Виталя называл дворницкую французским словом «Ко?кпит». Это означало «петушиный ящик». На старых парусных кораблях так именовали кормовой кубрик, в котором обитали гардемарины-практиканты. Народ был юный, задиристый, гвалтливый. Старые моряки приклеили им прозвище «петушки» — отсюда и название кубрика. И понятно, что в дворницкой «петушков» тоже хватало.
Кокпит похож был и на кладовку, и на мастерскую, и на боцманскую каптерку, и даже на музей. По стенам висели спасательные круги, мотки веревок, велосипедные колеса, шины и разноцветные подносы. На полках стояли банки с краской, паяльные лампы, мятые самовары и старинные бутыли. Громоздилась пирамида ржавых касок разных времен и фасонов. По углам на специальных подставках торчали лопаты, метлы и грабли — можно было в один миг расхватать их и пустить в дело.
В дворницкой постоянно паслись посетители — и завсегдатаи вроде Теньки, Шурика, Лампионовых, Жоха и Эвелины, и всякий другой народ, вроде пацанов с Карпухинского двора (Тенька не всех даже помнил по именам, но знал, что они хорошие люди — плохие к Витале не ходили). И сейчас тоже было многолюдно. Сидели на верстаке, на скамейках и чурбаках.
Среди коловоротов и ножовок висела гитара (появилась недавно). Очень обшарпанная, с выцарапанным на корпусе носатым улыбчатым полумесяцем. Дед-Сергей пригляделся и попросил:
— Дай-ка, голубчик…
Виталя снял и дал.
Дед-Сергей сел на чурбак, погладил гитару, прошелся узловатыми пальцами по струнам.
— Если не обманывают меня старые глаза, этому инструменту лет пятьдесят…
— Типа того… — почтительно согласился Виталя.
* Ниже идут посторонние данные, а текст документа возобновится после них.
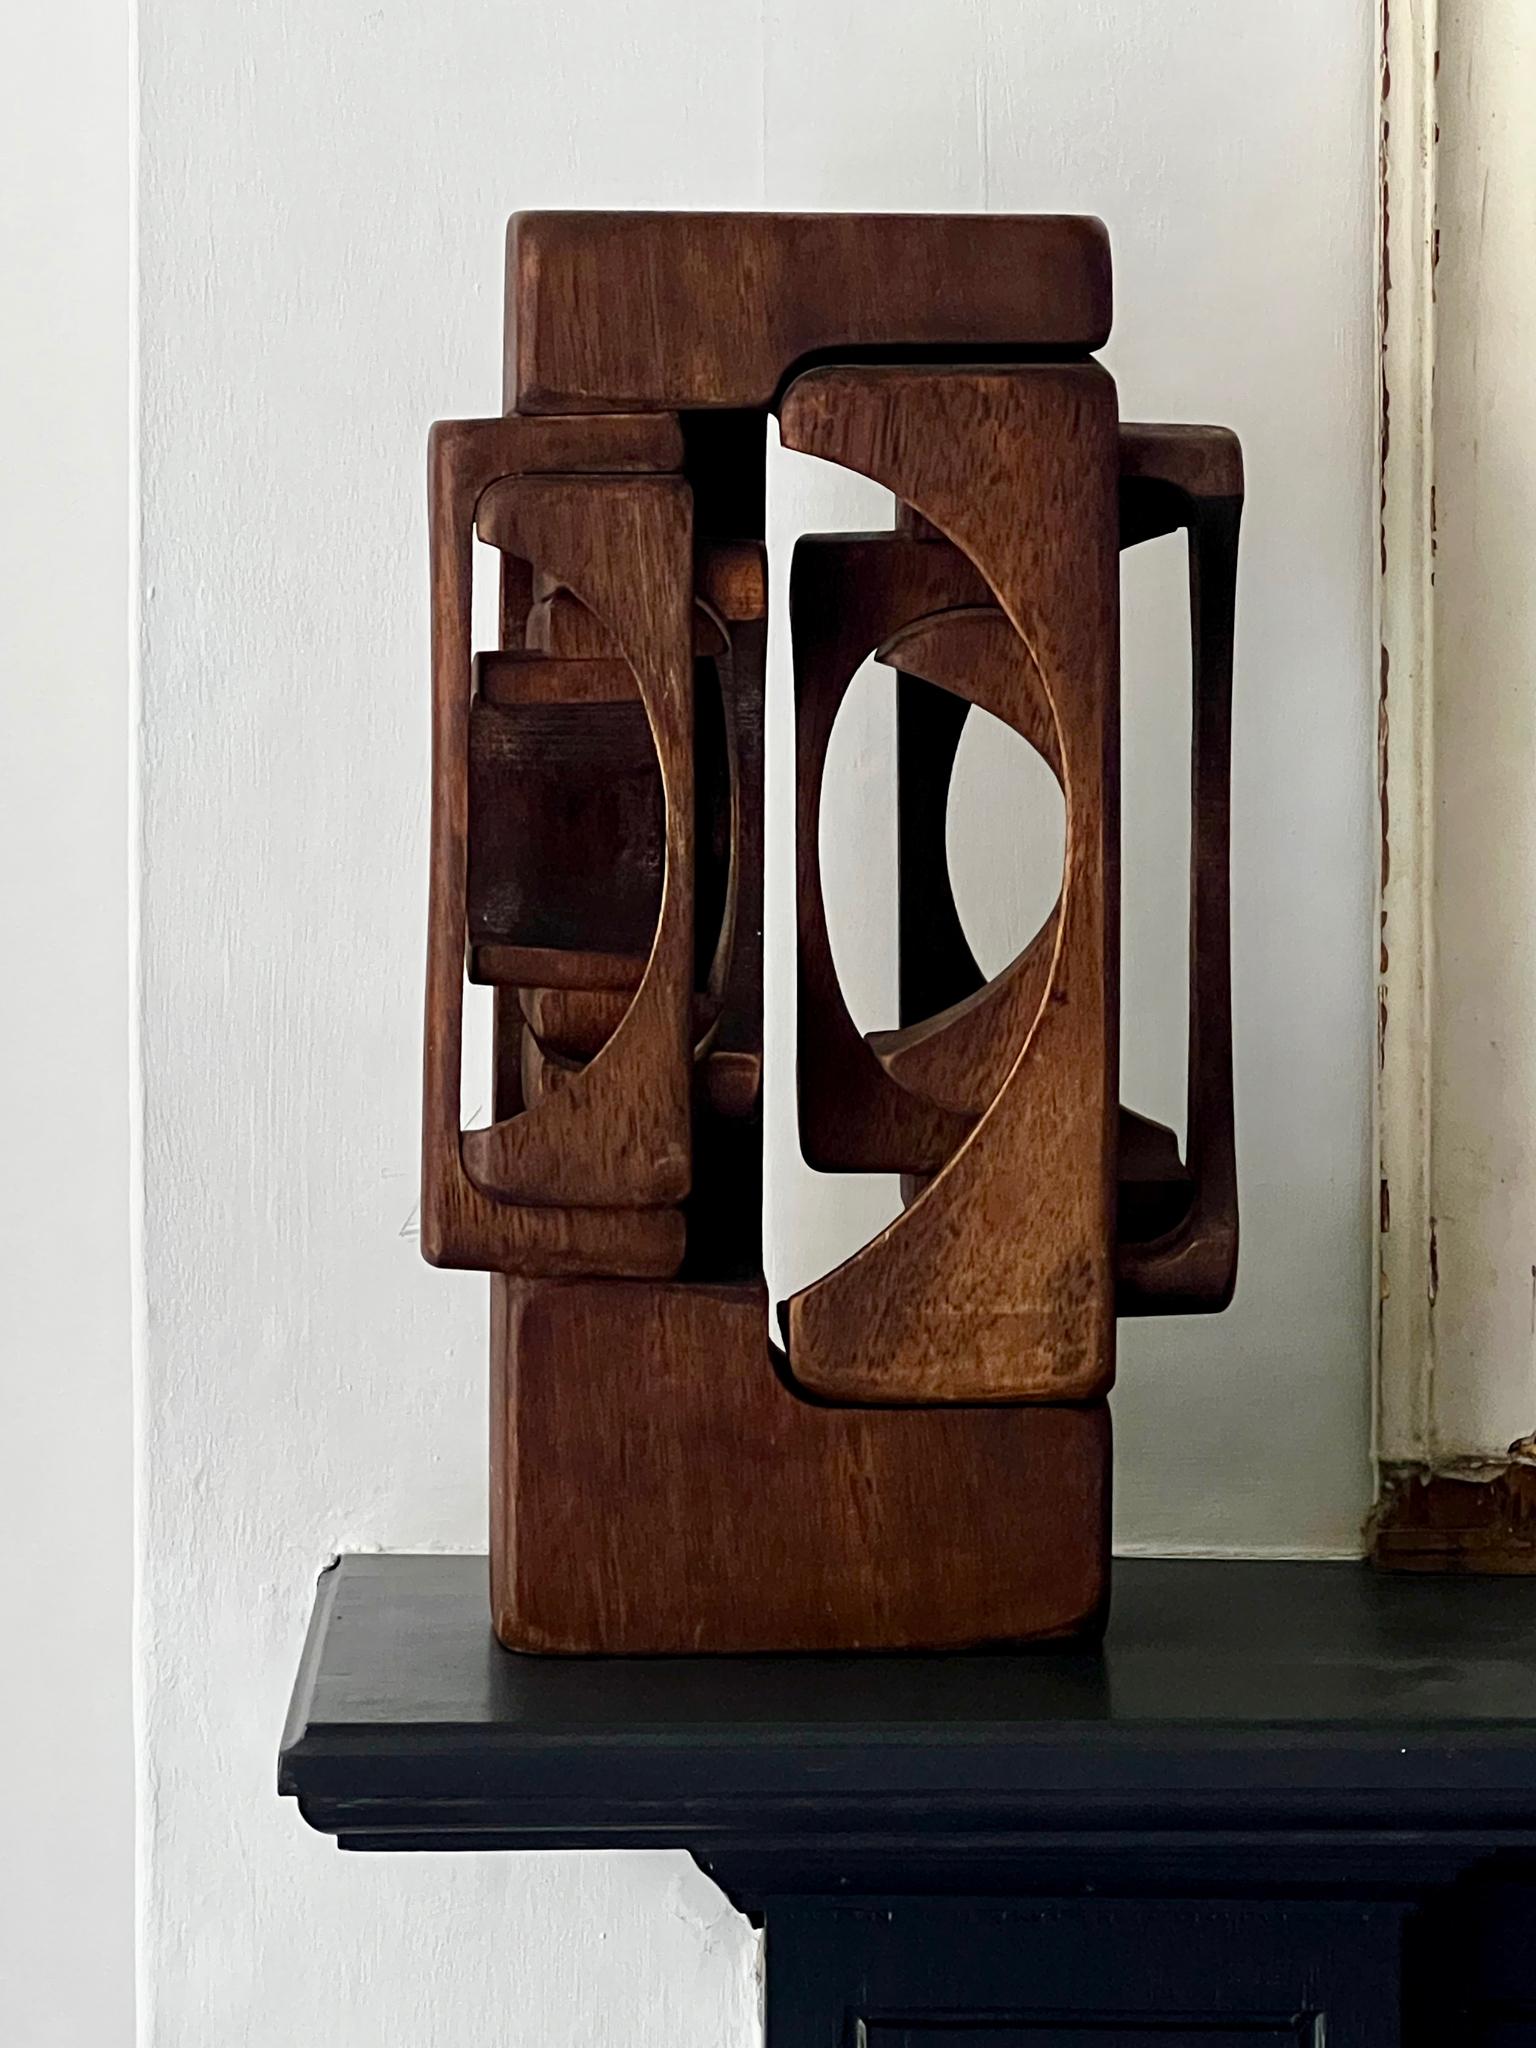 Carved Wooden Sculpture by Brian Willsher, Signed and Dated, England, 1978

— И помнится мне, что когда-то она принадлежала Якову Михайлычу Бирману, моему соседу по здешней квартире. Мы под нее пели, когда собирались, чтобы вспомнить школьные времена.
— Так оно, — сказал Виталя. — А когда Яков Михайлыч уезжал в Хайфу, оставил ее на память моей бабушке. А она потом подарила мне…
— Жаль, что гитара не магнитофон… — Дед-Сергей погладил облупленное дерево.
— Почему жаль? — строго спросил маленький Егорка Лесов. Он сидел на верстаке рядом с Эвелиной Полянской.
Дед-Сергей объяснил:
— Потому что не хранит в памяти песен, которые пели в давние времена…
Хулиган-семиклассник Жох спросил с дерзкой ноткой:
— О комсомольской юности?
Эвелина крепко двинула его гладкой коричневой ногой.
Дед-Сергей не рассердился на Жоха. Кивнул:
— В том числе… Но не только… Например, вот такие… — Он взял аккорд и пропел сипловатым баском:
Наш не слышен шаг, не колышутся лианы,
Мы тьмой со всех сторон окружены.
Осторожней, друг — бьют туземцев барабаны:
Они нас ищут на тропе войны…
Теньке показалось, что открылась книжка про дальние страны и дохнуло нездешним ветерком, запахом тропических трав. И тревогой…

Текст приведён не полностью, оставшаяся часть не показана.